[Required action]
Leave the pictures out and return every line below exactly.

[Data excerpt]
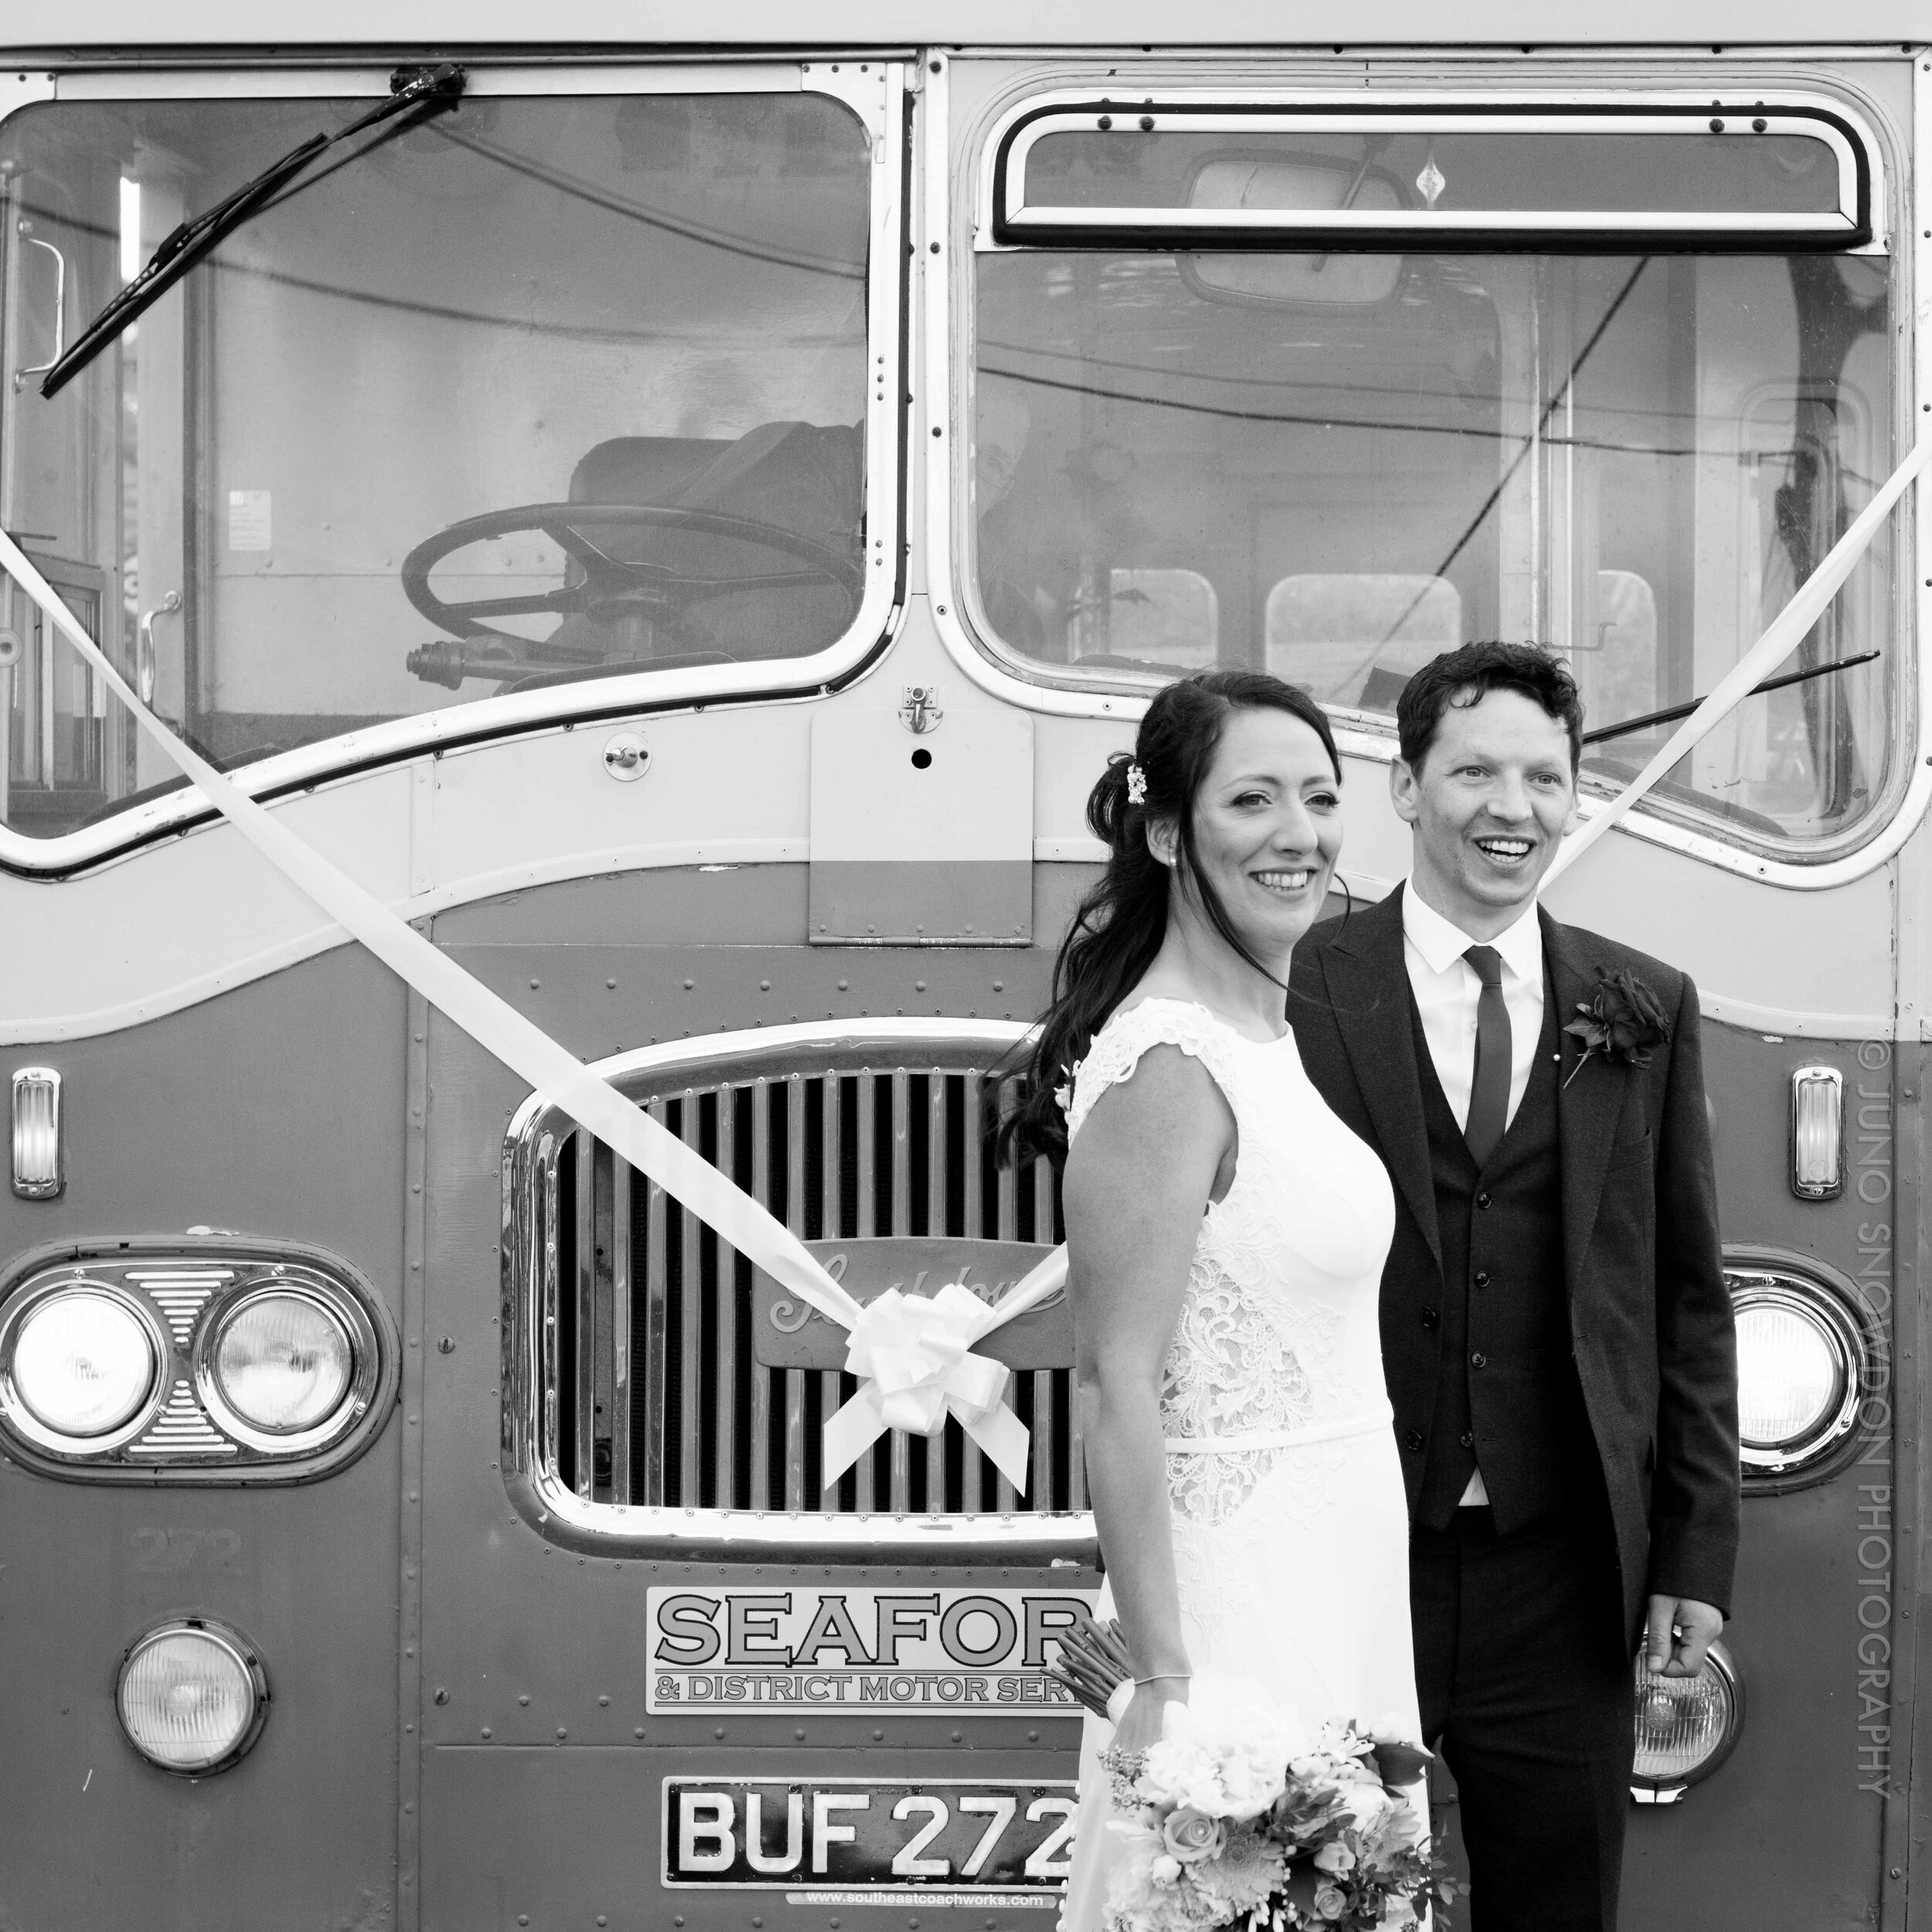 juno-snowdon-photography-wedding-7882.jpg
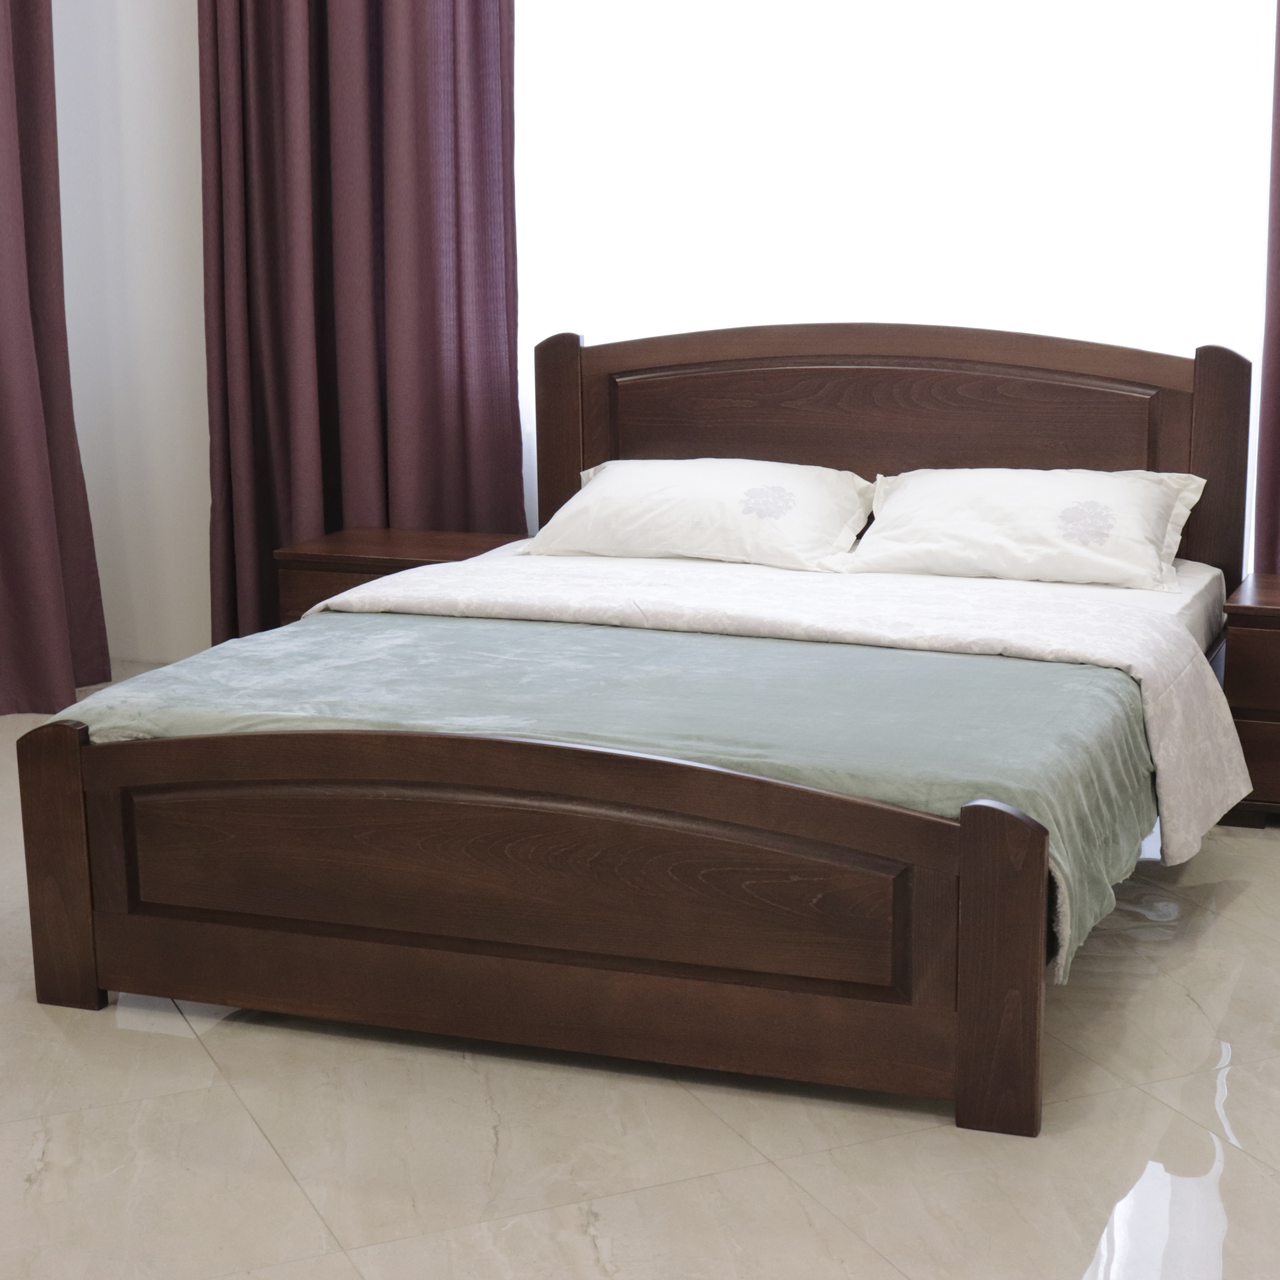 Ліжко дерев'яне двоспальне Едель (масив бука)
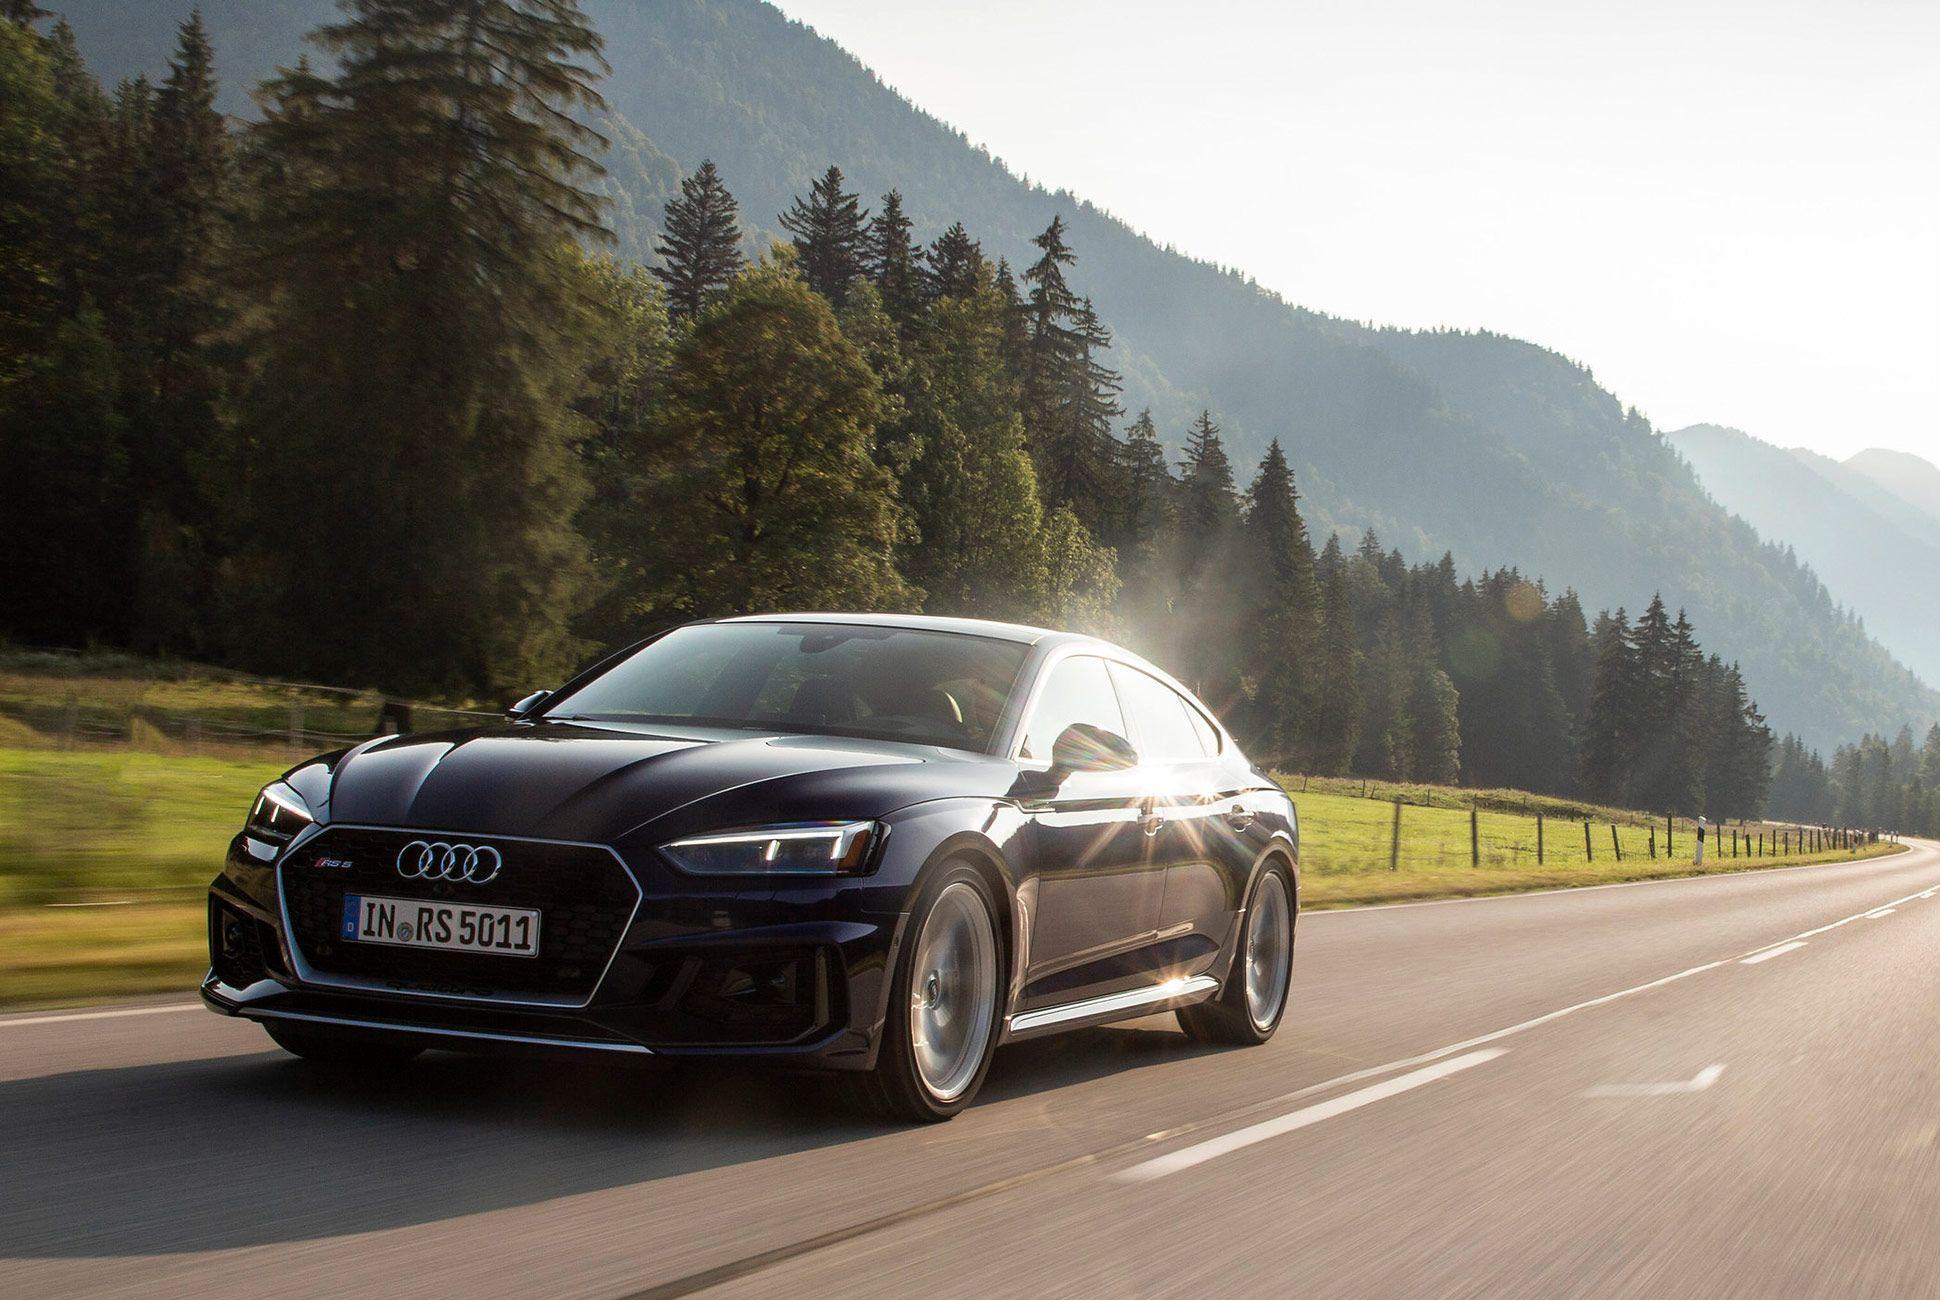 Audi-RS5-Sportback-Review-gear-patrol-slide-6

[Answer to this task]
 juno-snowdon-photography-wedding-7882.jpg
 Ліжко дерев'яне двоспальне Едель (масив бука)
 Audi-RS5-Sportback-Review-gear-patrol-slide-6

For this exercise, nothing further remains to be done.